Inspiriert von der hippokratischen Feststellung, dass unsere Lebensmittel unsere Heilmittel und unsere Heilmittel unsere Lebensmittel sein sollen, hat die russische Ärztin Galina Schatalova ein Konzept der natürlichen Gesundung entwickelt. Sie ist überzeugt, dass der Mensch bei artgerechter Ernährung ein Lebensalter von 150 Jahren erreichen kann. Strikt wendet sie sich gegen die Kalorientheorie der ausgewogenen Ernährung, die der Natur des Menschen entgegensteht.

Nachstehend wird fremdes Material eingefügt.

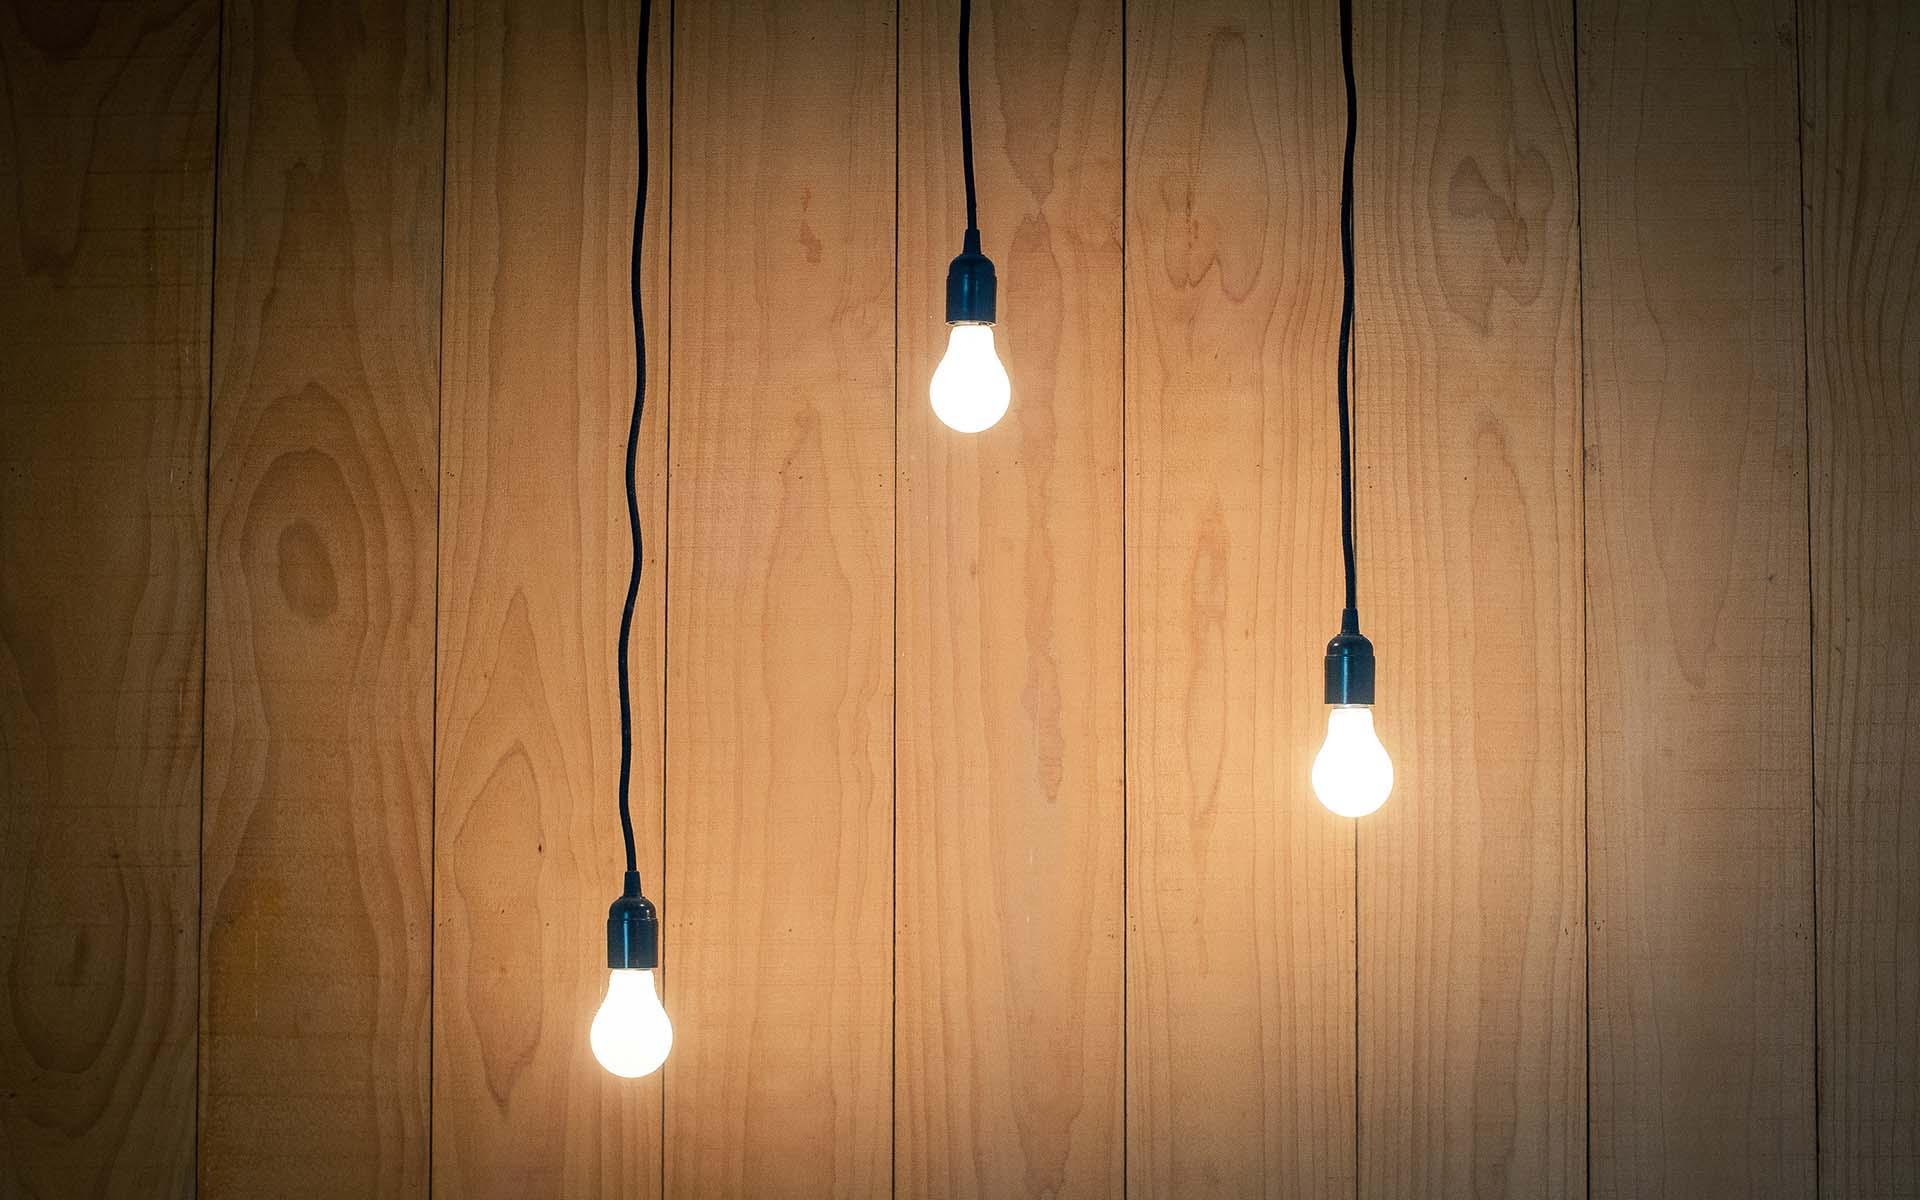 Light Bulb Hd Wallpapers Wallpaper Cave
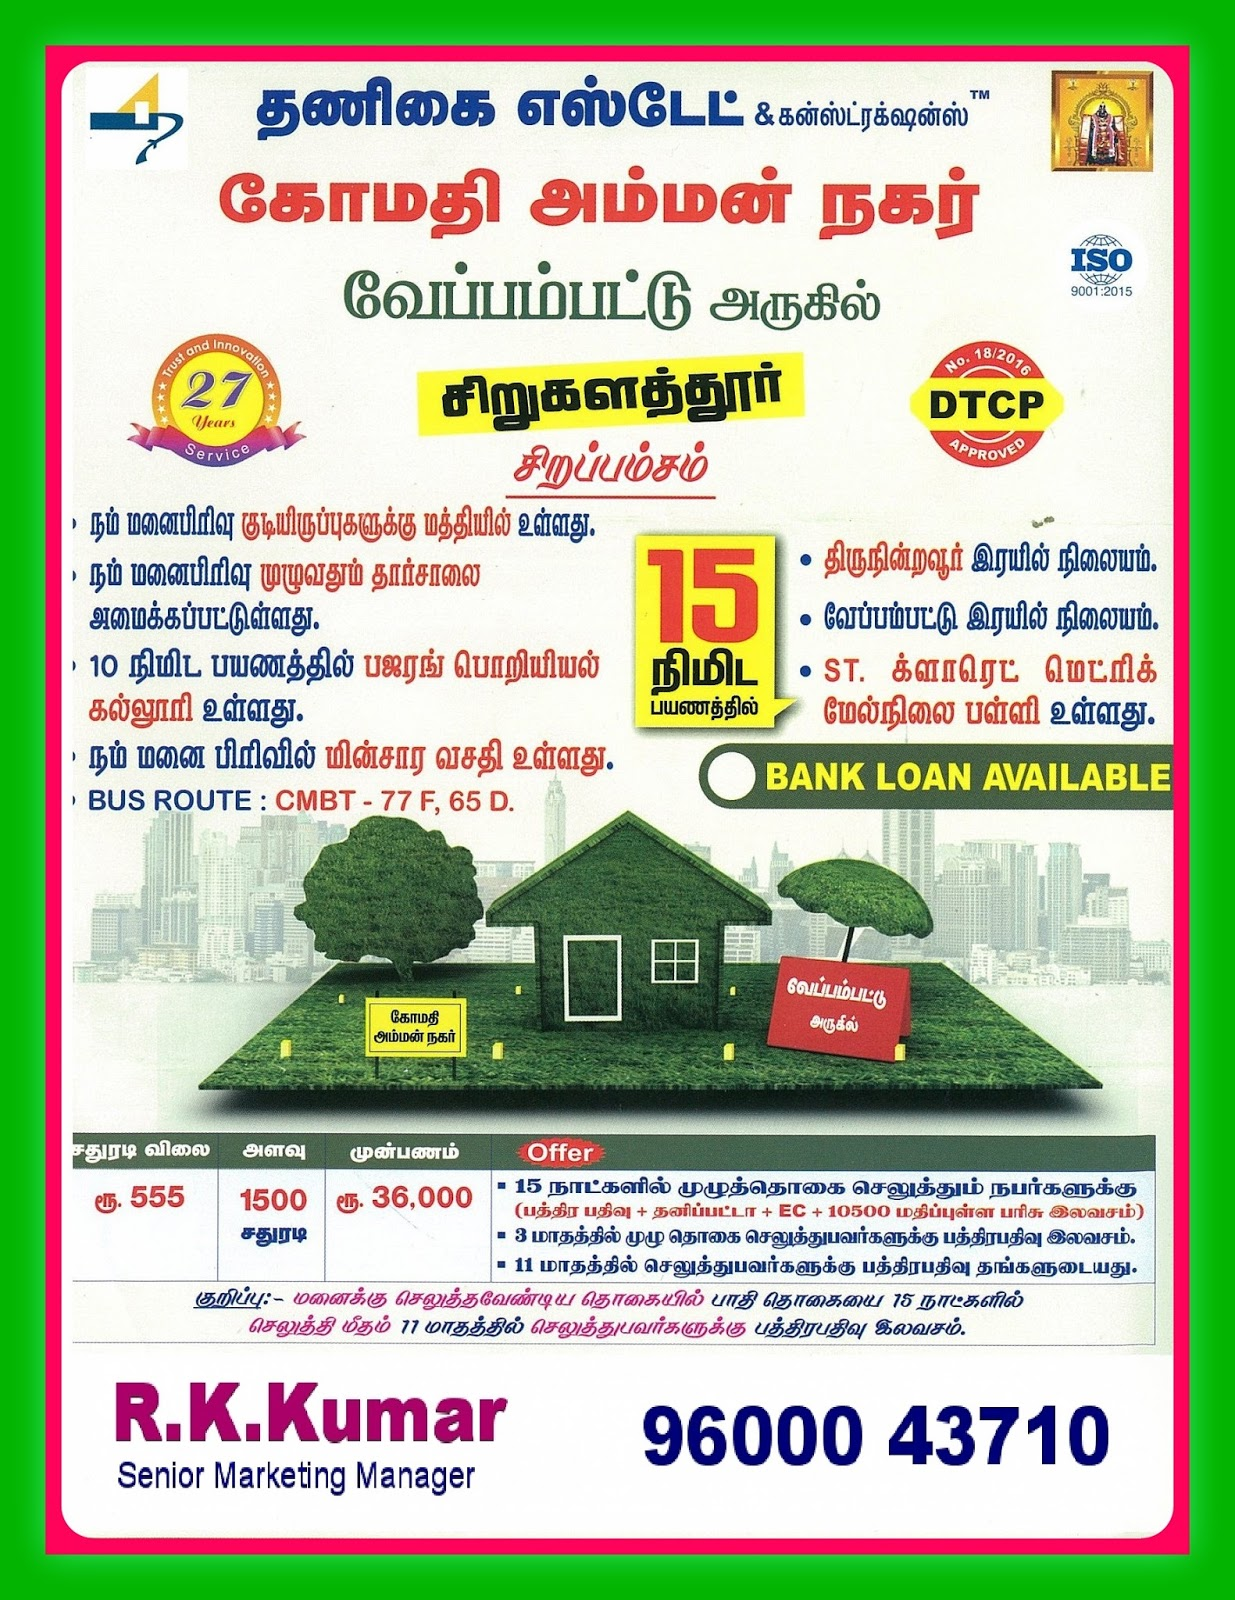 Veppampattu - DTCP Approved Plots

Ihrer Darlegung zufolge ist der menschliche Organismus ausschließlich auf pflanzliche Nahrungsmittel festgelegt und benötigt zur Erhaltung des Grundstoffwechsels nicht mehr als 250 bis 400 Kalorien täglicher Nahrungszufuhr. Alles, was wir zuviel essen, belastet den Körper und muss von ihm „entsorgt“ werden, sodass der Mensch seine „normale Lebensdauer“ von 150 Jahren nicht erreicht. In ihrem Buch erläutert Schatalova die anatomischen und physiologischen Hintergründe ihres Konzepts und berichtet von ihren Erfahrungen bei seiner praktischen Erprobung. Der Leser erhält interessante Einblicke in ihren Arbeits- und Forschungsalltag und bekommt wichtige Informationen zu Heilkräutern, Kochrezepten und Entspannungsübungen, um ihr umfassendes Gesundheitskonzept selbst praktizieren zu können.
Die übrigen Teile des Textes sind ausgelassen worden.